Она ничего больше не сказала, ни о чем не спросила – только застенчиво улыбнулась, когда он покрыл жаркими поцелуями ее руку. Никто не знал, чего стоило князю Федору сдержать себя, когда она спустила на пол ногу и стыдливо глянула на него, но он покорно отвернулся да так и сидел, глядя на пляску изломанных теней на стенке, слушая стук крышки сундука, шелест, торопливое шуршанье за спиной и сердитый вздох, когда Маша путалась в застежках: не привыкла одеваться без горничной! Конечно, князь Федор мог бы помочь ей без малейших сомнений и даже не претендуя на большее, но он уважал Машину стыдливость и сидел не шелохнувшись. Он и так потребовал от нее слишком много, чудо, что она дала согласие, и он все время боялся вспугнуть свое счастье – и ее доверие.

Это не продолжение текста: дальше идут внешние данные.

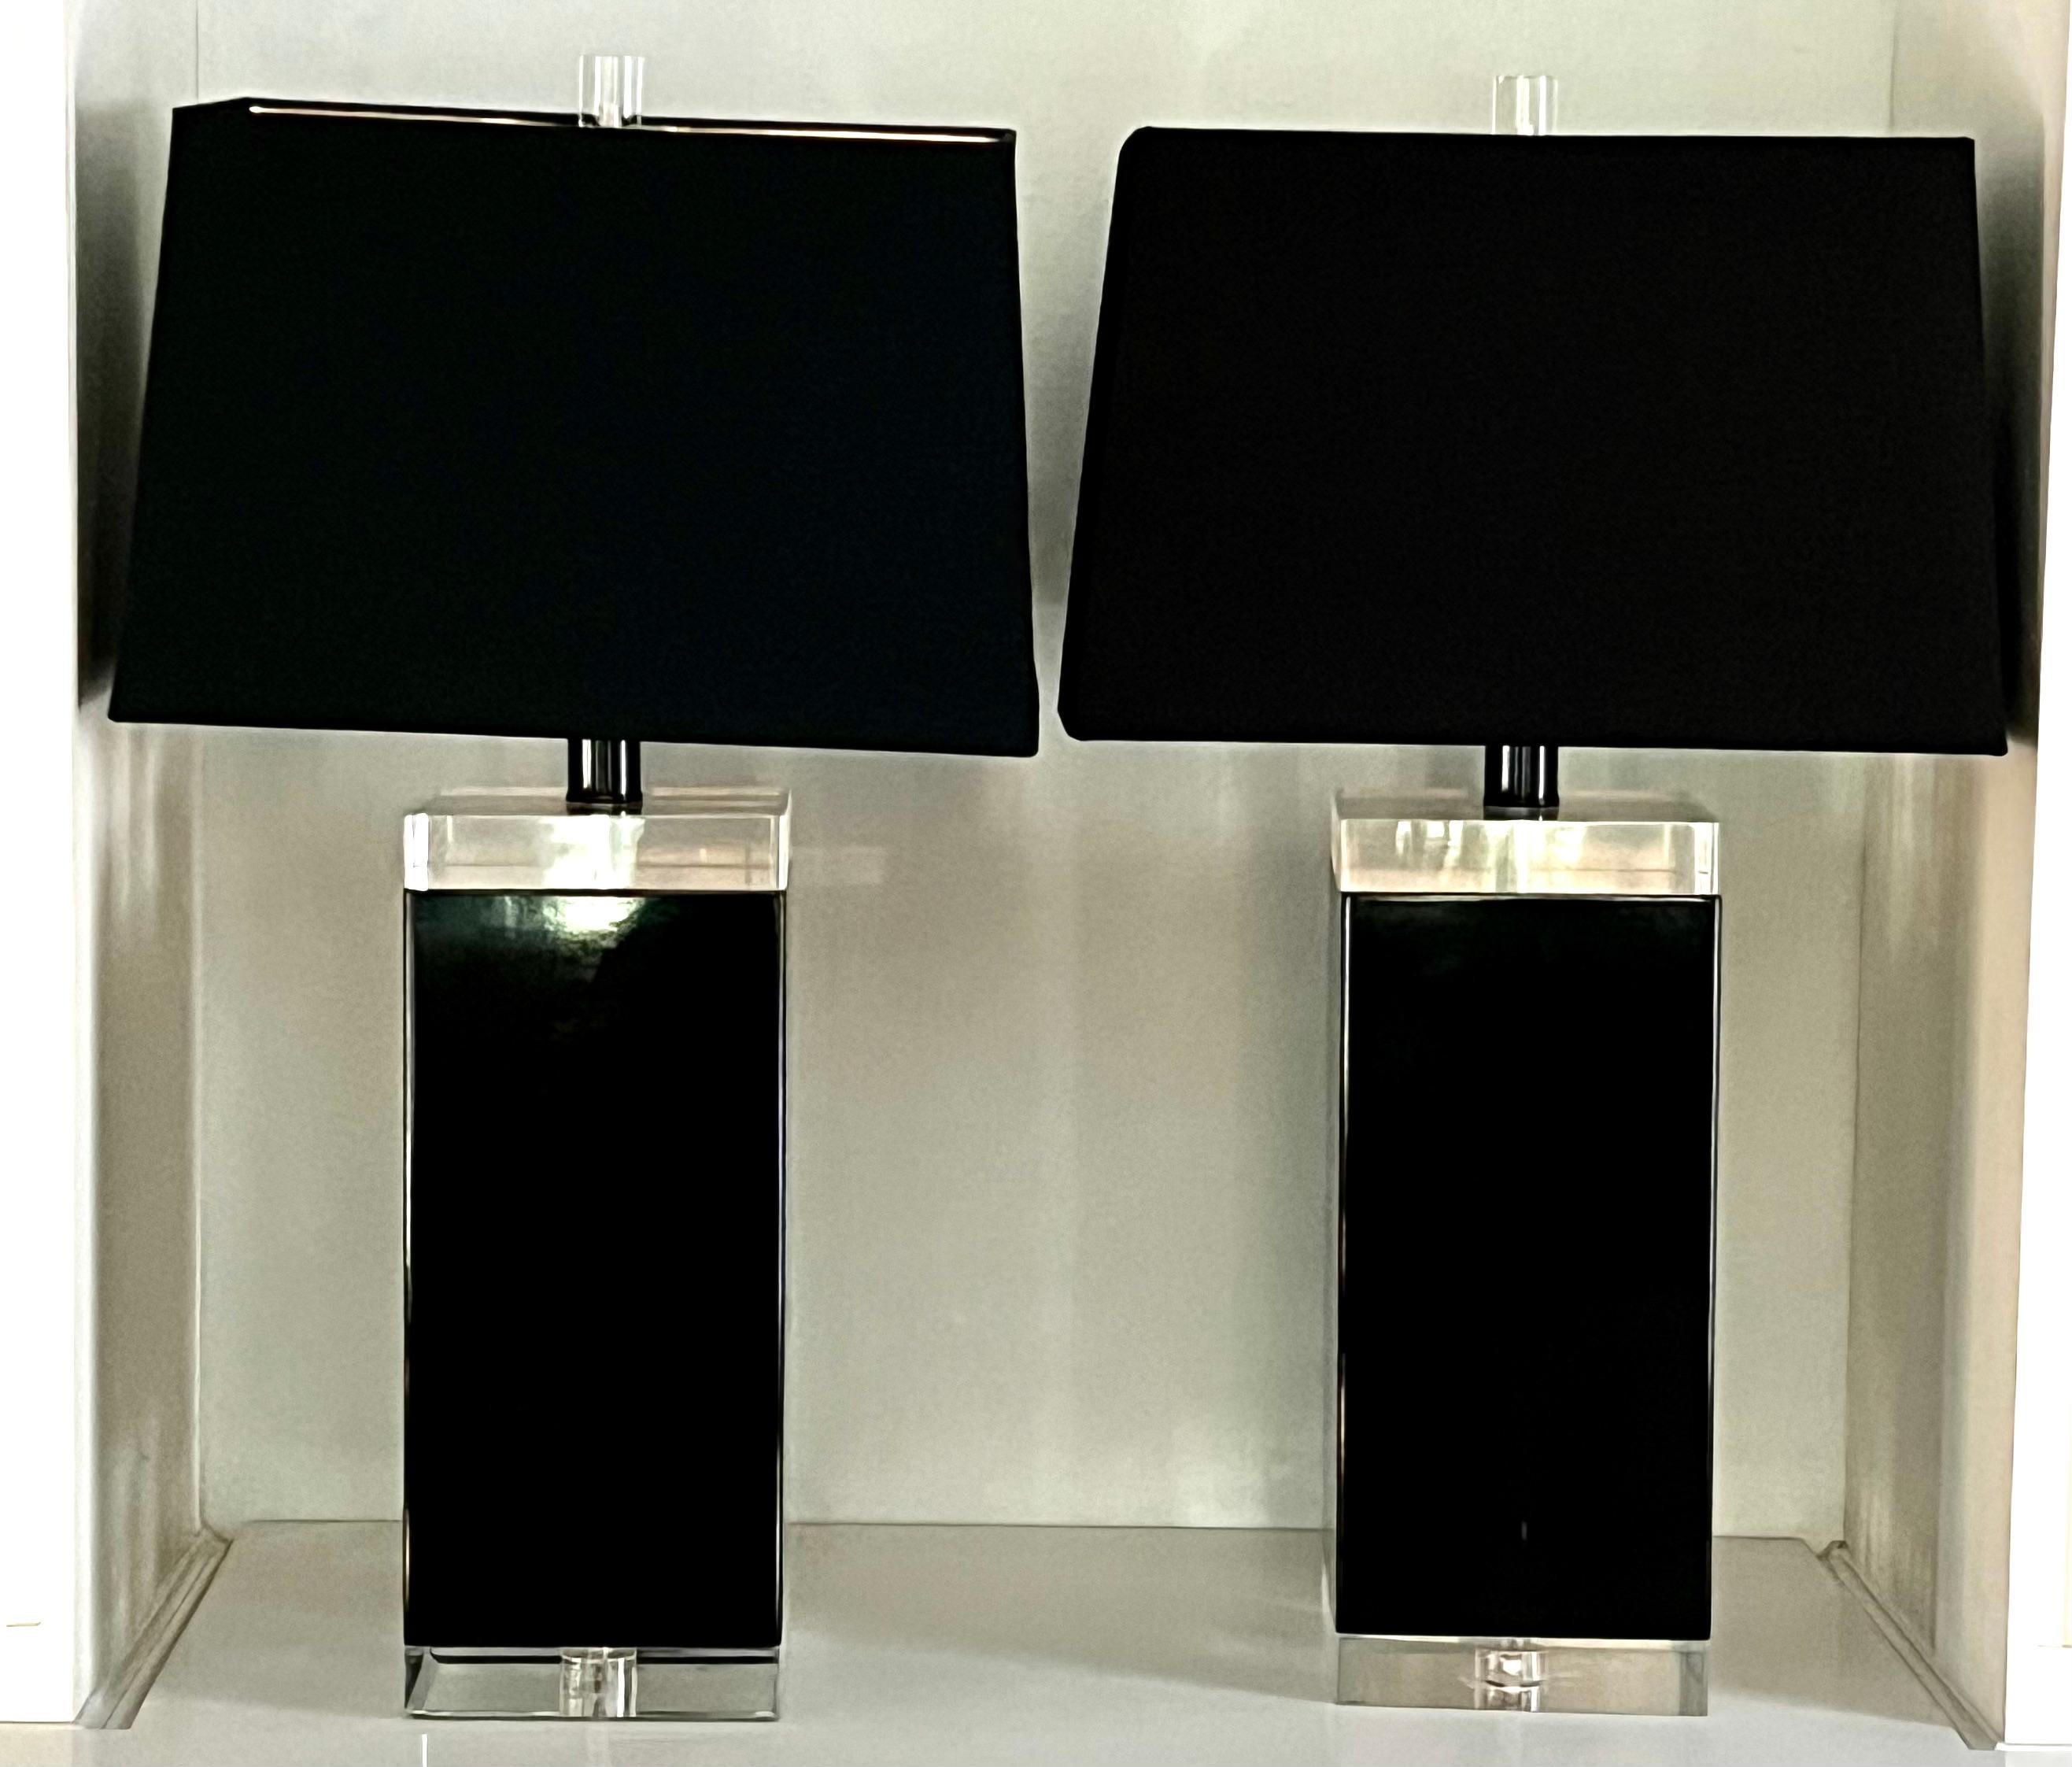 A pair of Acrylic Mid Century Modern Black and clear acrylic lamps.  The pair are large and important in size and weight.  The Black acrylic is sandwiched between two thick pieces of clear acrylic.  The pair are in great condition and ready to use.

Наконец шорох и шелесты прекратились, Маша шепнула:

– Я готова, – и князь Федор обернулся так пылко, что она невольно отпрянула – а он замер, потрясенный: перед ним стояло неземное видение.

Озабоченный тысячью мелочей, которые следовало предусмотреть, чтобы обезопасить это безумное, дерзкое предприятие, князь Федор забыл об одном – и это сейчас казалось ему самым главным: он забыл, что означает свадьба в жизни каждой девушки. Единственный, долгожданный и незабываемый день! Свет и блеск осуществленной мечты, трепет надежд, еще не сломанный жестоким ветром жизни… Оттого и надевают невесты самые прекрасные и роскошные платья, что надеются задобрить неумолимую судьбу: вот я стою перед тобою, невинная и прекрасная, доверчиво гляжу на тебя – не обмани же мое доверие, мою невинность! Жертва злому року должна быть прекрасна – оттого и прекрасны невесты, чтобы задобрить его. И если об этом забыл князь Федор, то не забыла Маша.

На ней было жемчужно-серое платье с кружевами, то самое, в котором он увидел ее впервые в доме отца и узнал, кто она такова. Чудная, наивная попытка связать воедино два разрозненных события: первое сватовство князя Федора, порывистое, пылкое, – и нынешнее, выстраданное, заслуженное, но оттого не ставшее менее пылким. Он едва не застонал от раскаяния, оттого, что по его вине и злоумыслу идет Мария Меншикова венчаться не в Казанском соборе Санкт-Петербурга, в блеске бриллиантов, сиянии баснословного наряда и под гром музык, а ночью, крадучись, в неновом платье. Князь Федор прижал руки к сердцу, уже готовый пасть на колени, открыться перед нею… но она стала близко, взглянула ему в глаза – и он замер, ослепленный сиянием счастья в этих глазах. «Господи! Да она ведь… любит меня?!» – осознал он как чудо простую и очевидную истину, и тяжесть отошла от сердца: ведь великолепная свадьба с Петром не зажгла бы этого света в ее глазах!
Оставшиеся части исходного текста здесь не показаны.